____ Provided records

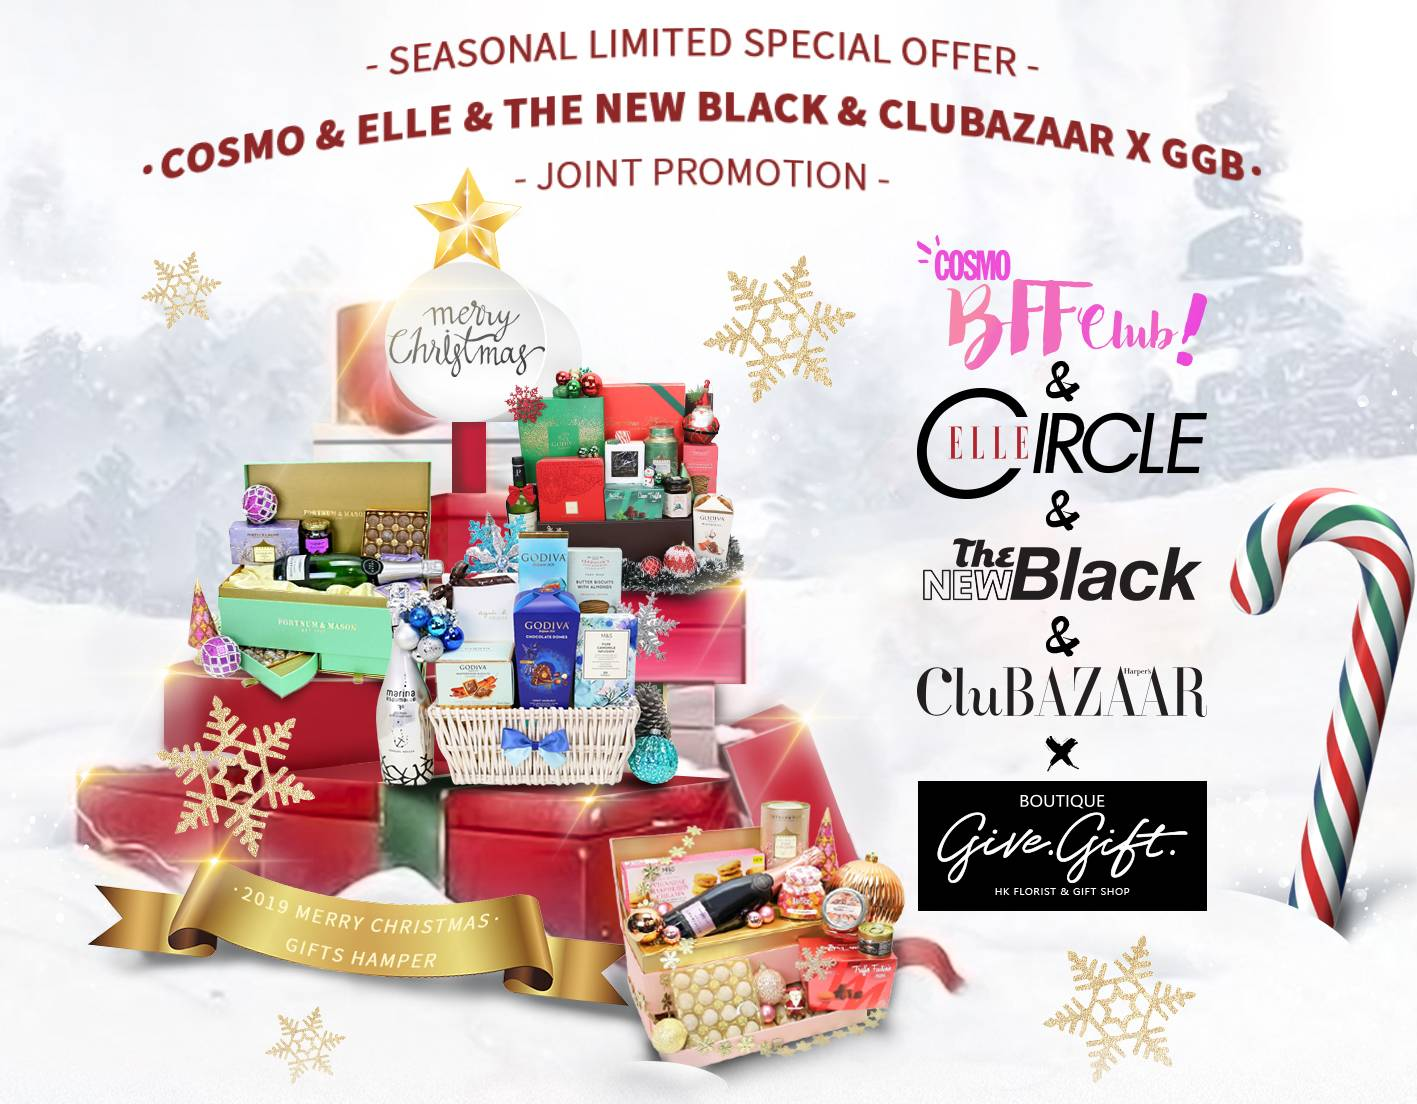 2019 Elle X Cosmopolitan X The New Black X Ggb Limited Hong Kong Christmas Gifts
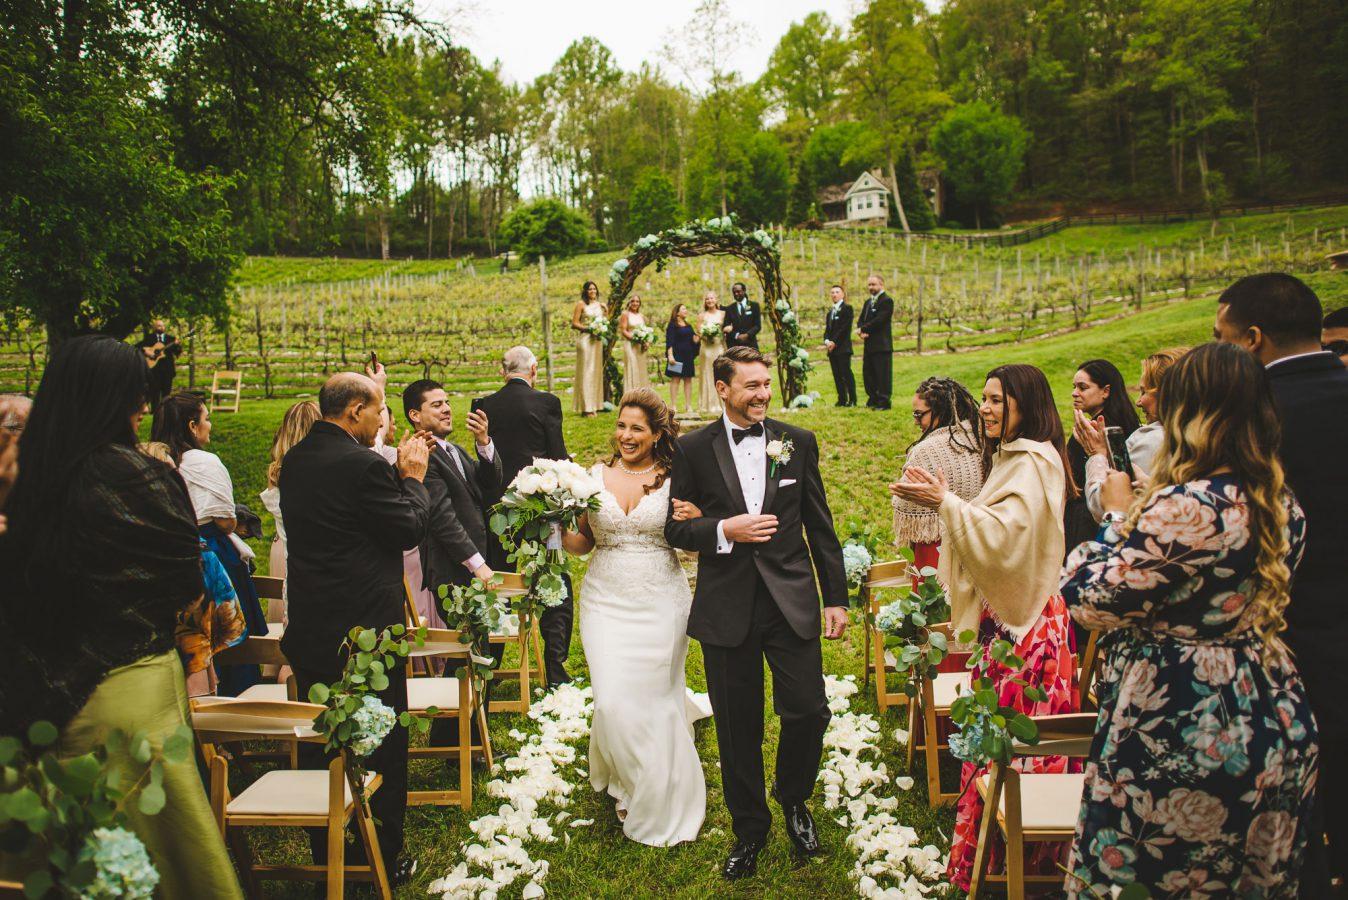 fete-photography-weddings-2017-005
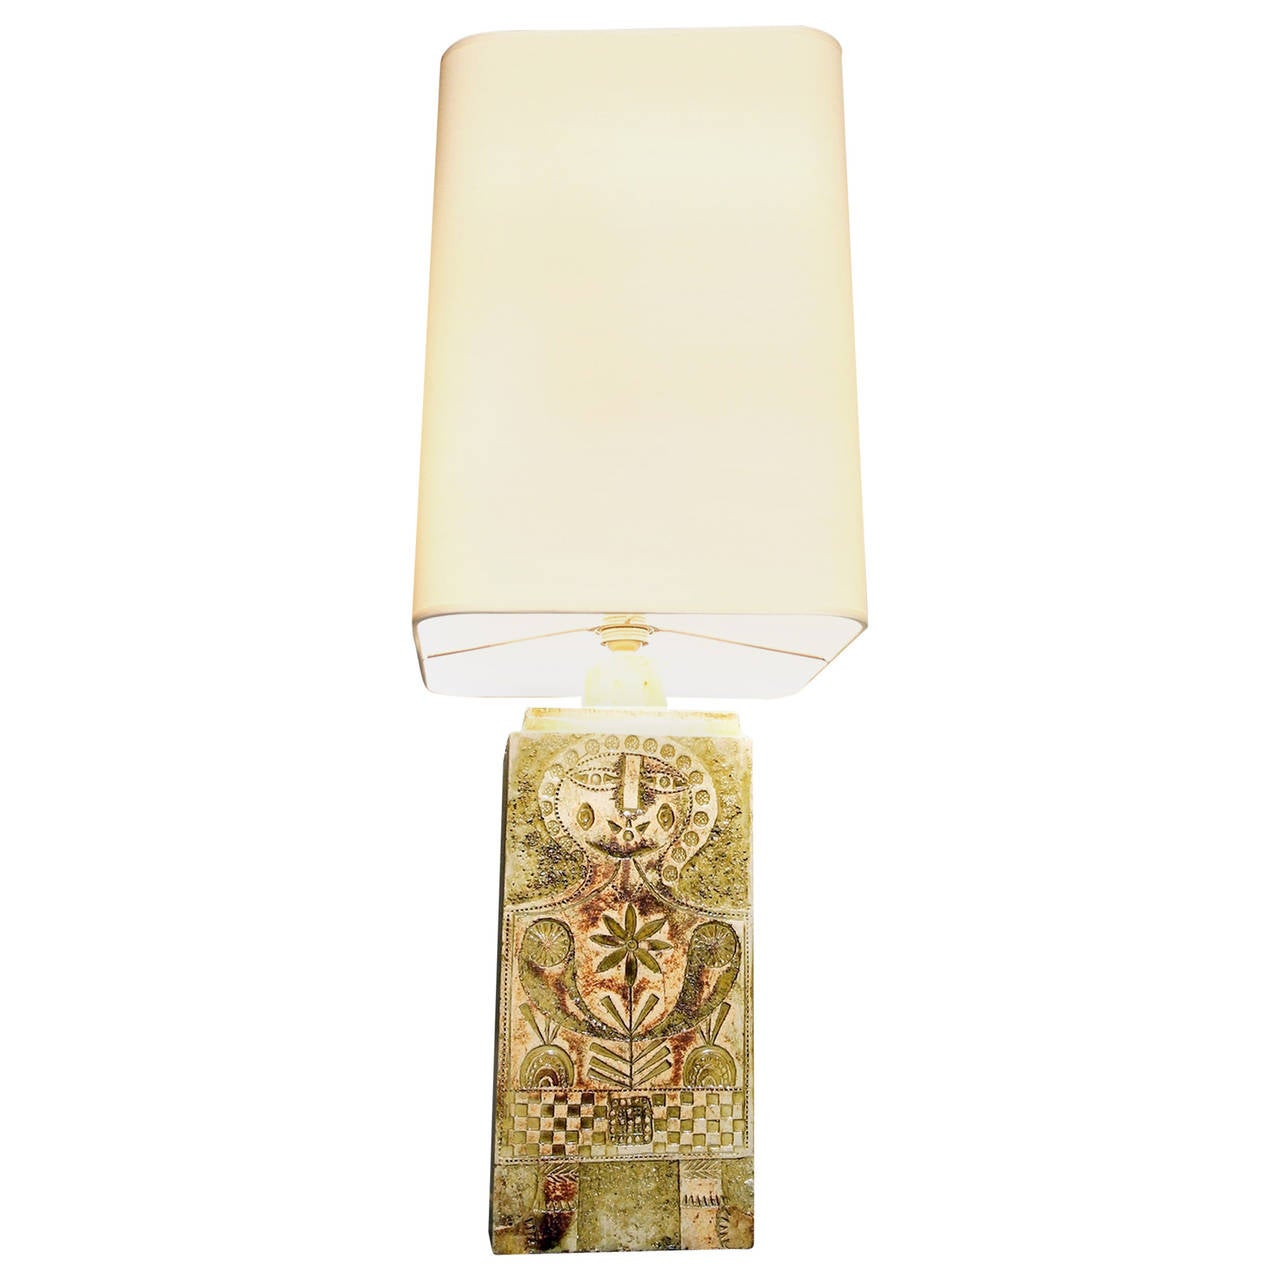 1960s Roger Capron Enameled Earthenware Table Lamp
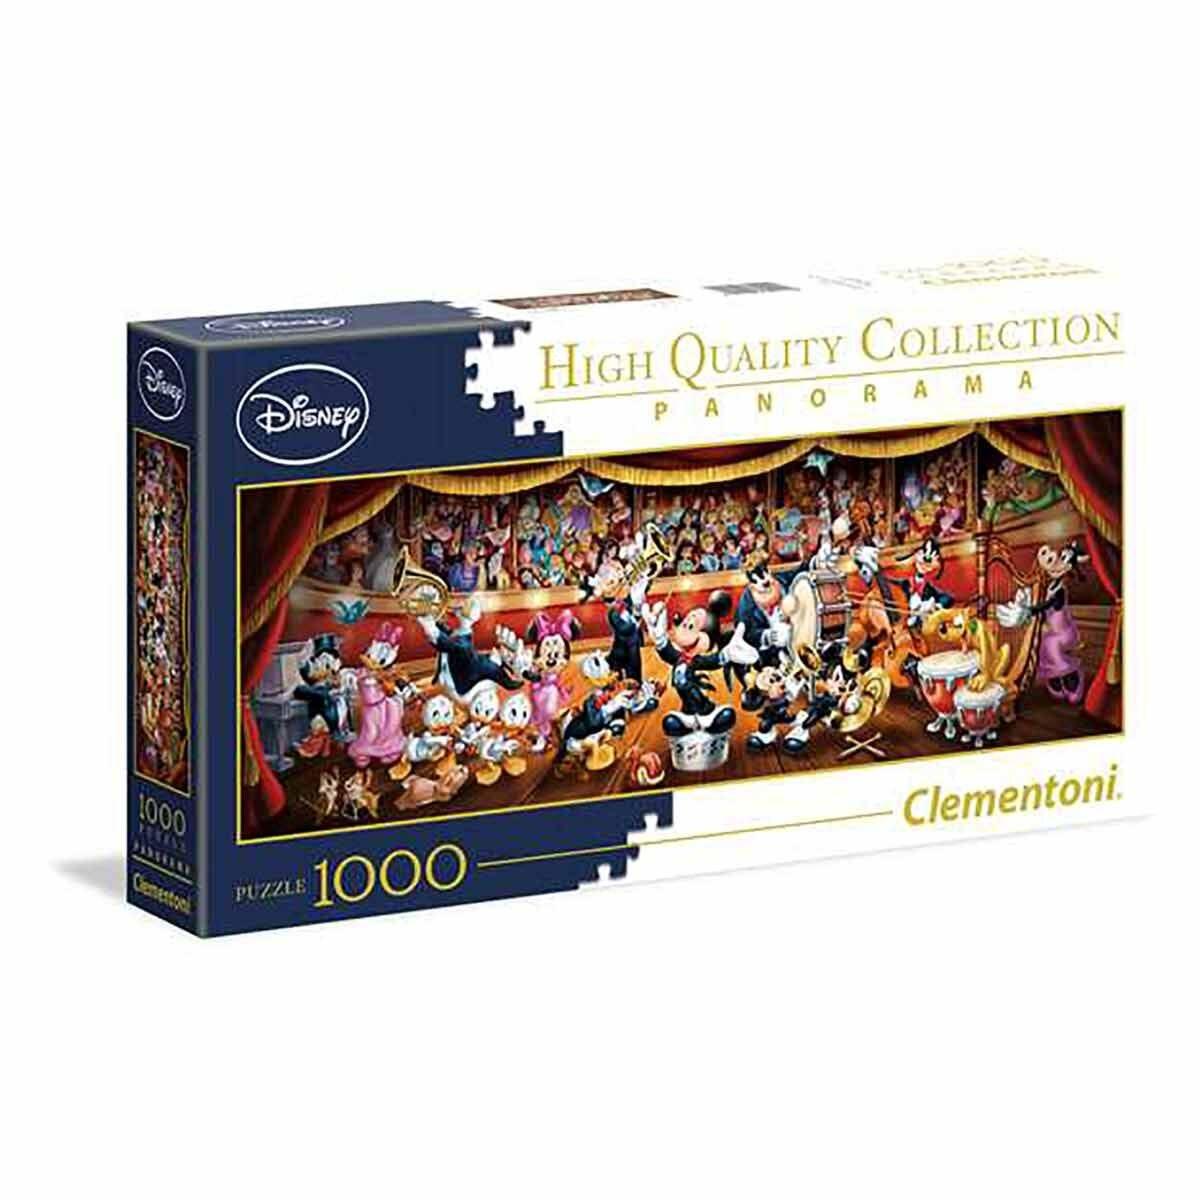 Clementoni Disney Classic Panorama 1000 Piece Jigsaw Puzzle
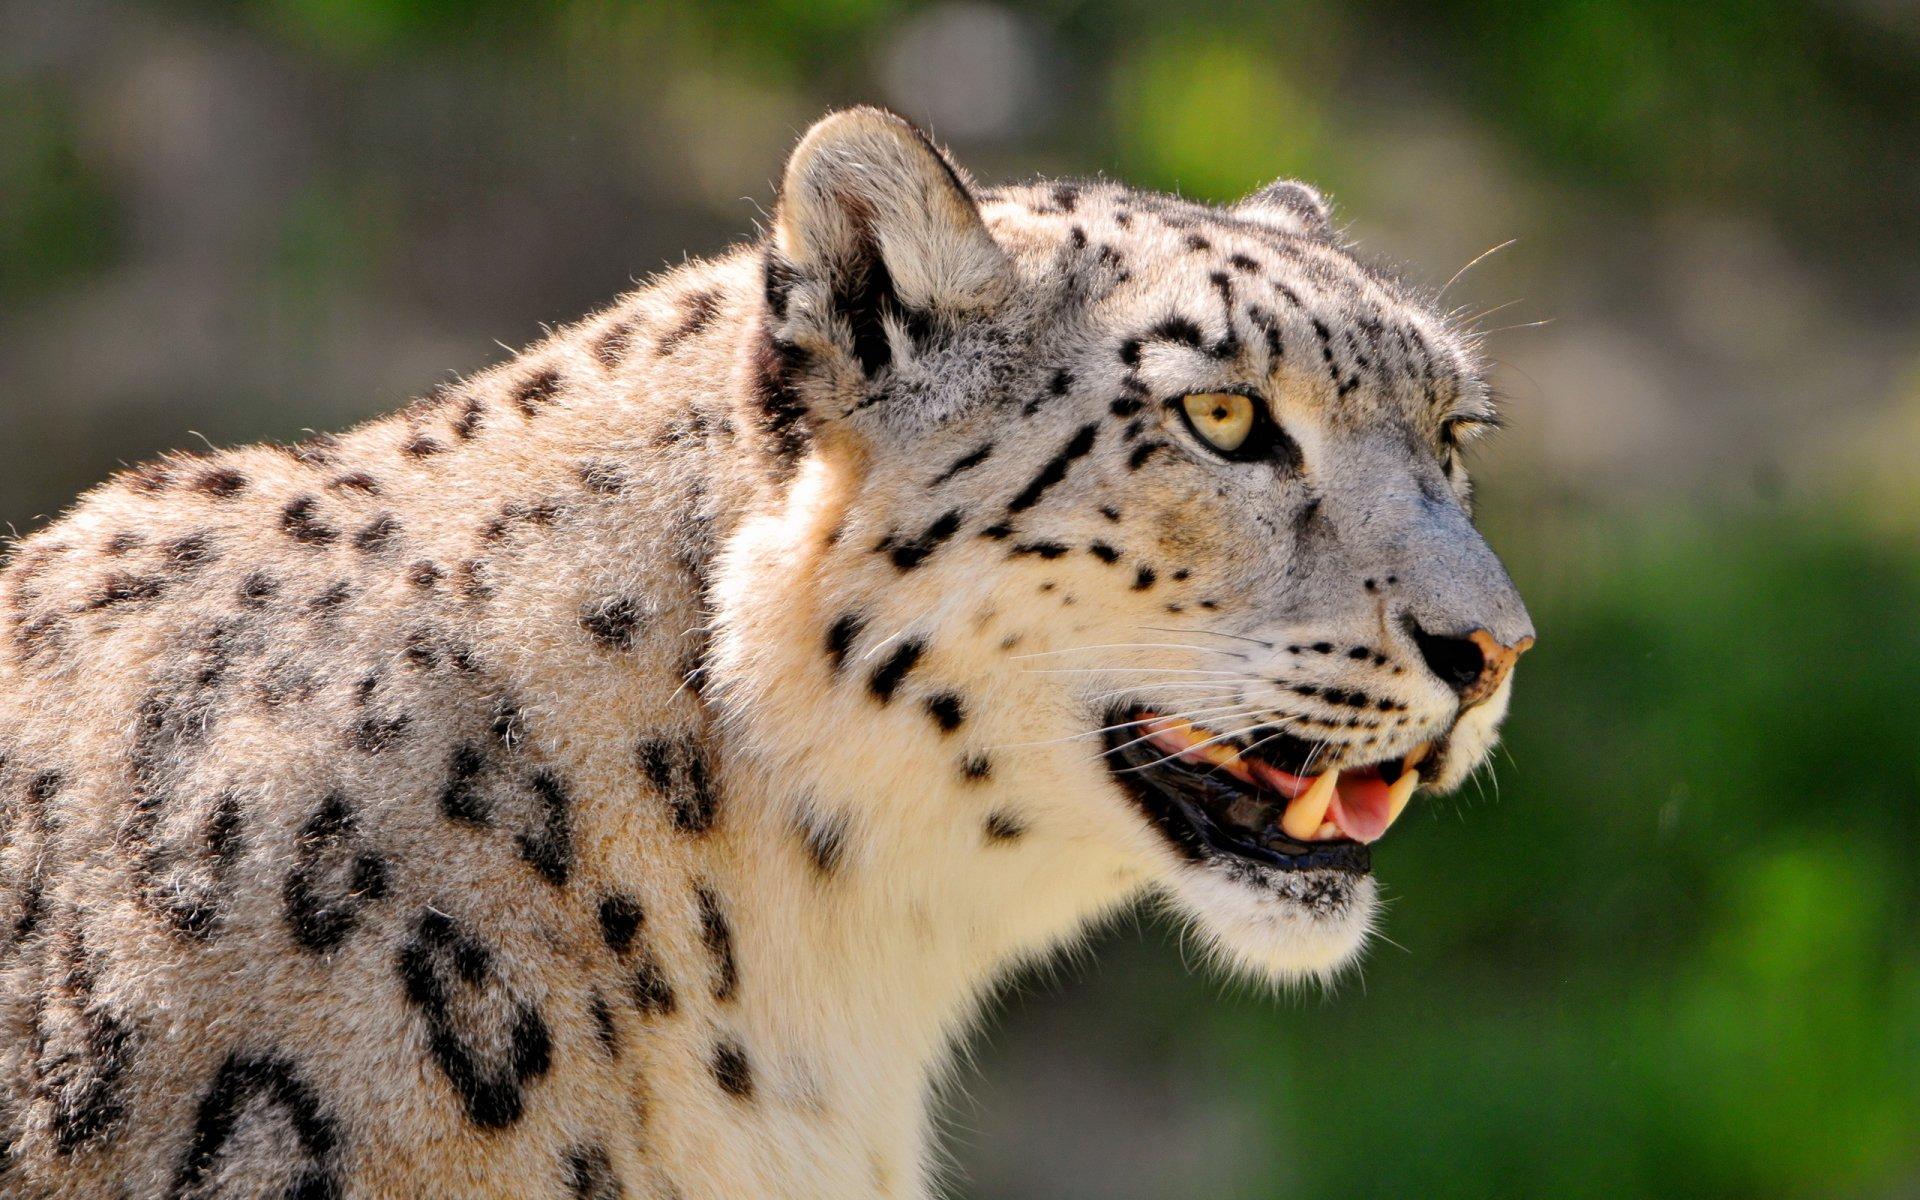 Animales Felino Leopardos Fondo De Pantalla Fondos De: Leopardo De Las Nieves Full HD Fondo De Pantalla And Fondo

________

* _What you should do_
Transcribe exactly the lines running from the line with "Clementoni Disney Classic" to the last line of the entries. Pictures stay out of the copy.

* _Result below_
 Clementoni Disney Classic Panorama 1000 Piece Jigsaw Puzzle
 Animales Felino Leopardos Fondo De Pantalla Fondos De: Leopardo De Las Nieves Full HD Fondo De Pantalla And Fondo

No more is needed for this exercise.